Loose Name Matching

L2/02-365R1

Re:	Loose Name Matching
From:	Mark Davis
Date:	2002-10-30

For property names, we recommend loose string matching: only letters (and possibly digits) are taken into account when matching. In particular, spaces and hyphens are disregarded in loose matching. The property aliases are vetted to make sure that this does not cause collisions: that the aliases will always remain distinct even if only letters and digits are considered in matching.

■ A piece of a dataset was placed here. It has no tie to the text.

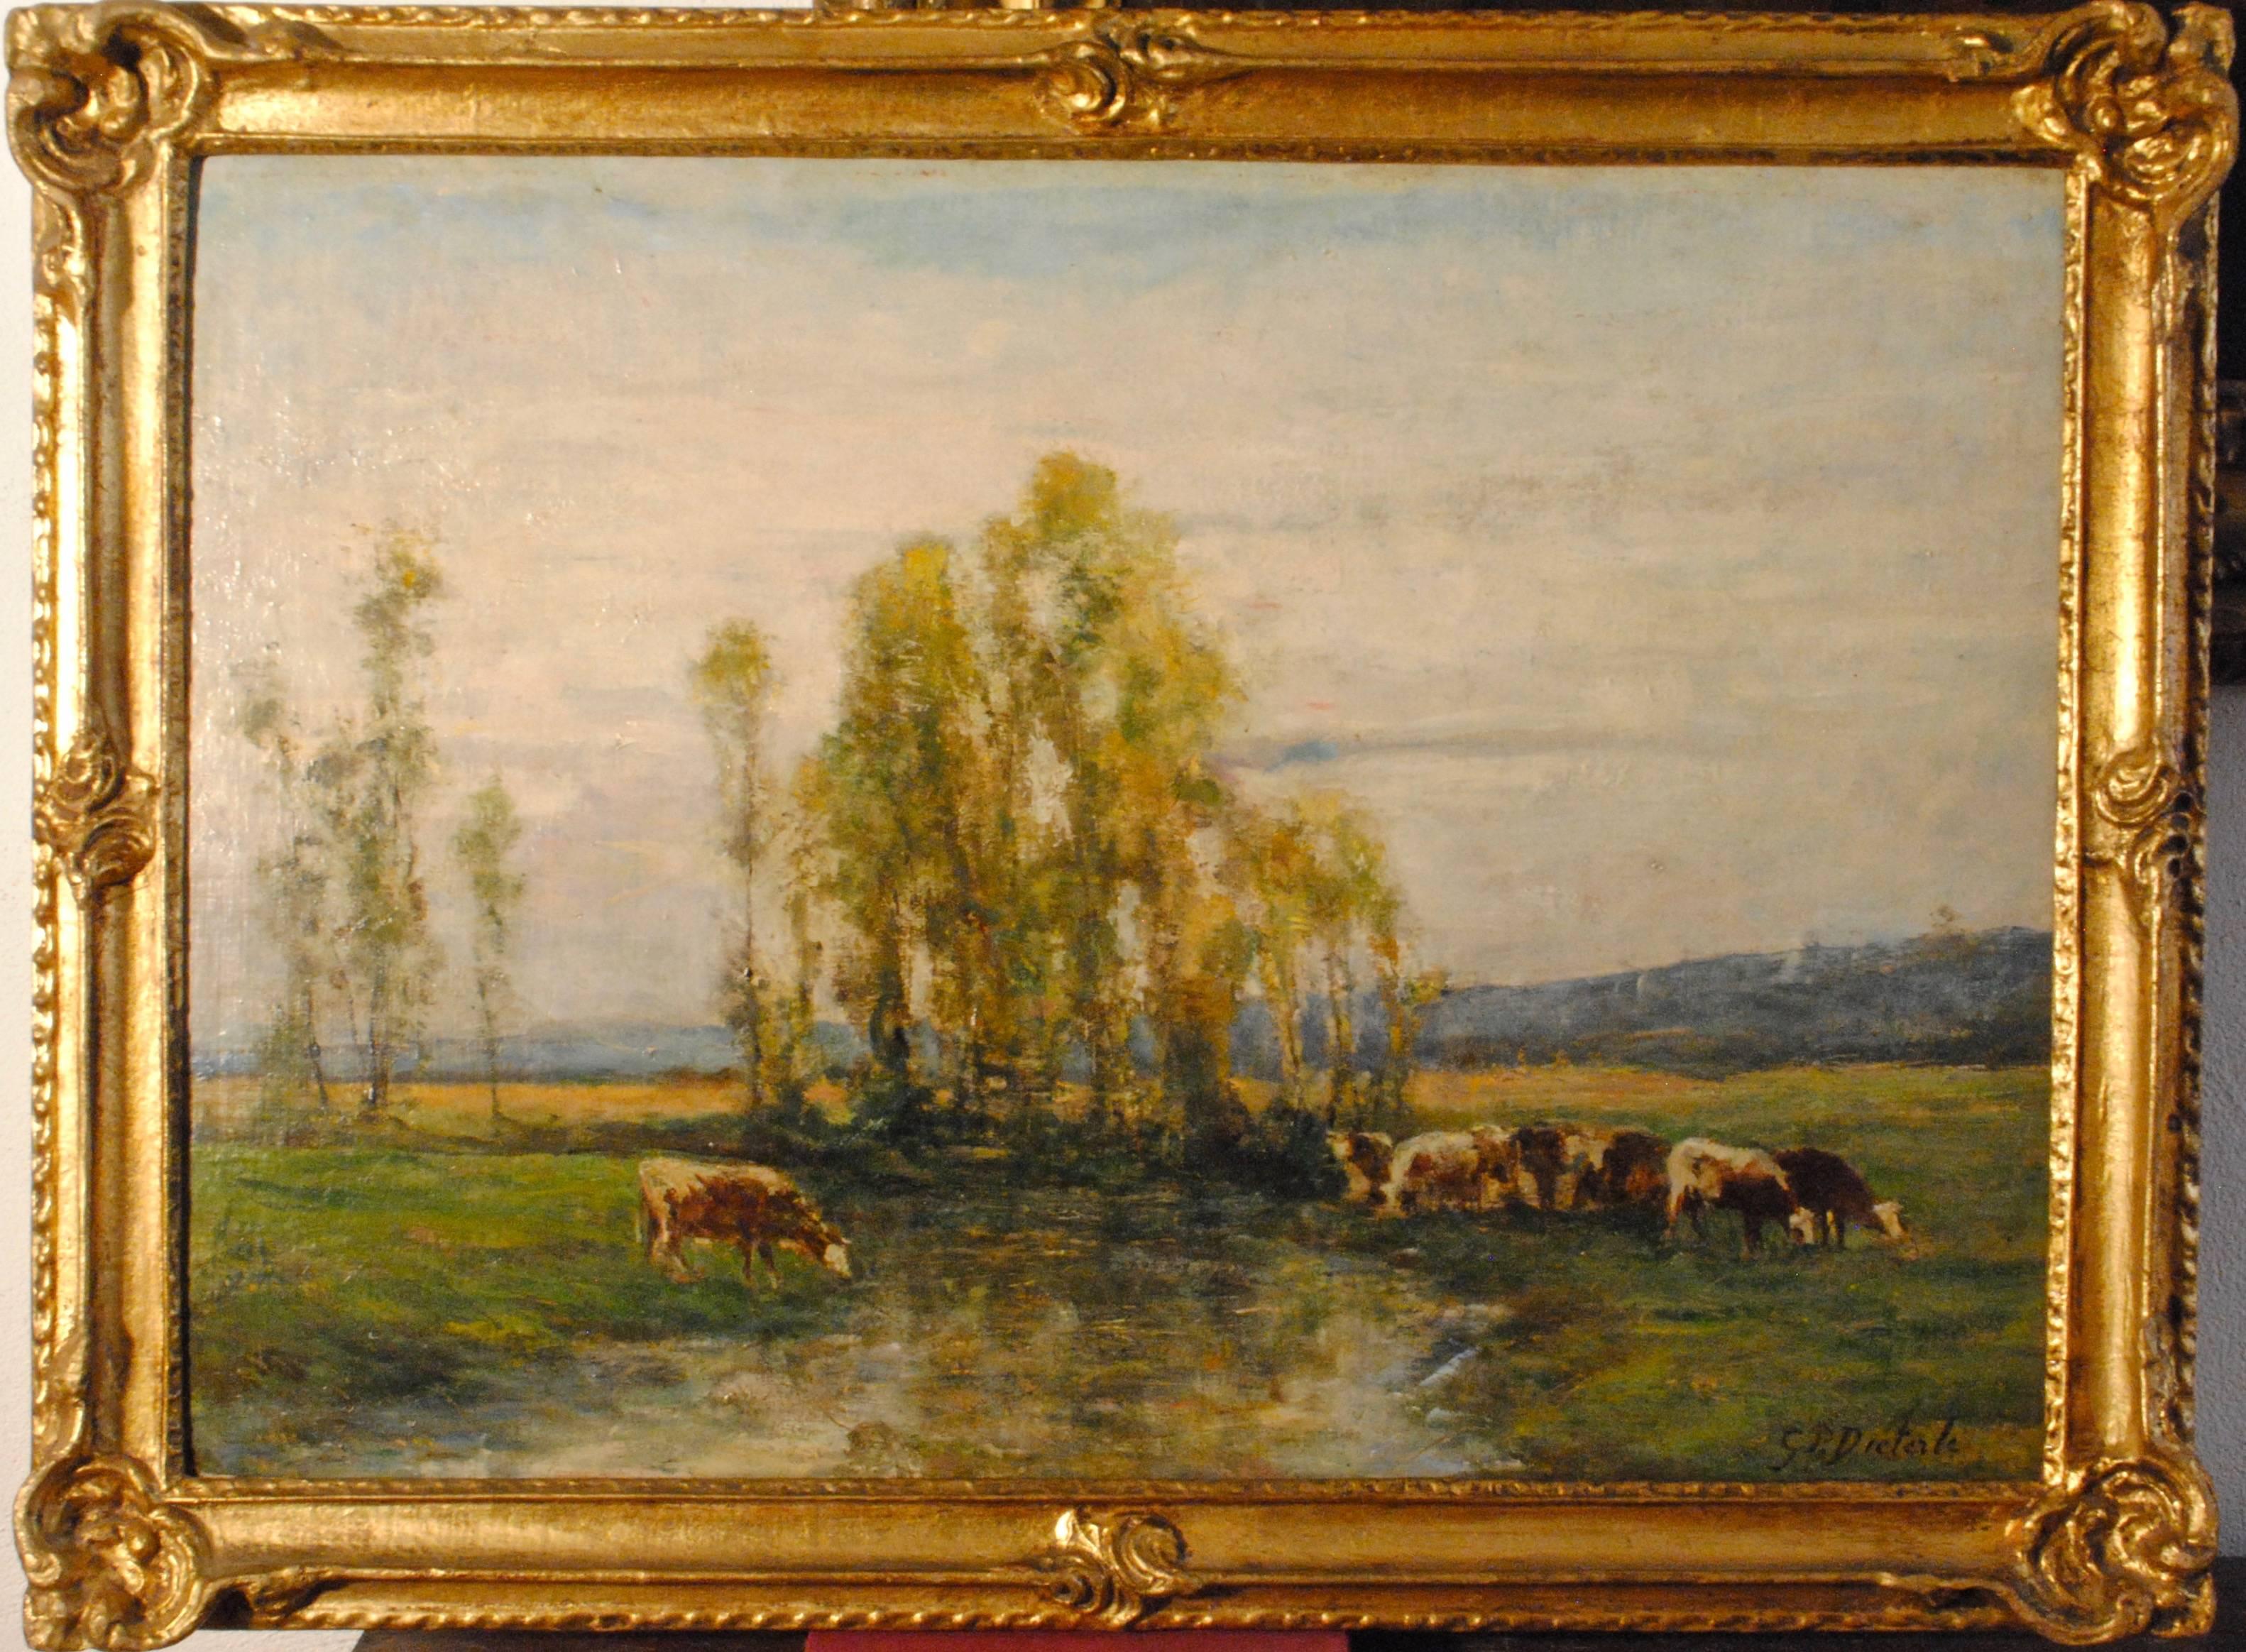 Huit vaches au pâturage par un ruisseau - (Eight cows on pasture by a stream) - Painting by Pierre Georges Dieterle

It is useful to do this for Unicode character names as well, for environments like regular expressions. There are currently only three cases where loose matching fails:

U+0F68 TIBETAN LETTER A and
U+0F60 TIBETAN LETTER -A
U+0FB8 TIBETAN SUBJOINED LETTER A and
U+0FB0 TIBETAN SUBJOINED LETTER -A
U+116C HANGUL JUNGSEONG OE and
U+1180 HANGUL JUNGSEONG O-E

With such a limited number of exceptions, one can still match loosely, by special-casing these exceptions. This can be done by setting up the lookup table to exclude U+0F60, U+0FB0, and U+1180, so that there is just one code point per transformed input string. Then when matching, the following process is used:

try a loose match
if there is no matching code point, return failure
if the matched code point is not one of U+0F68, U+0FB8, or U+116C, return the matched code point
if the last character but one (excluding trailing spaces) of the input is not "-", return the matched code point
otherwise return U+0F60, U+0FB0, or U+1180, respectively

As it turns out, the match can even be slightly looser than with property aliases: one can also remove all instances of the letter sequences "LETTER", "CHARACTER", "DIGIT", and still not have collisions.

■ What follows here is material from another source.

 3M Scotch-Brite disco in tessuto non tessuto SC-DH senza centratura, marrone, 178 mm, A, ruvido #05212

I recommend that to make loose matching easy into the future, the UTC and WG2 should adopt the following policy:

Whenever a character name is assigned to a new character, that name will be distinct from all existing character names, even under the following transformation:
1. Remove all characters except for letters and decimal digits
  - Letters and decimal digits are those with general-category = L or Nd.
2. Remove remove all instances of the letter sequences "LETTER", "CHARACTER", "DIGIT"
  - This is only applicable to the English normative character names, not to translated names.
3. Case-fold all characters.
  - This is only applicable to translated names that may contain both uppercase and lowercase characters.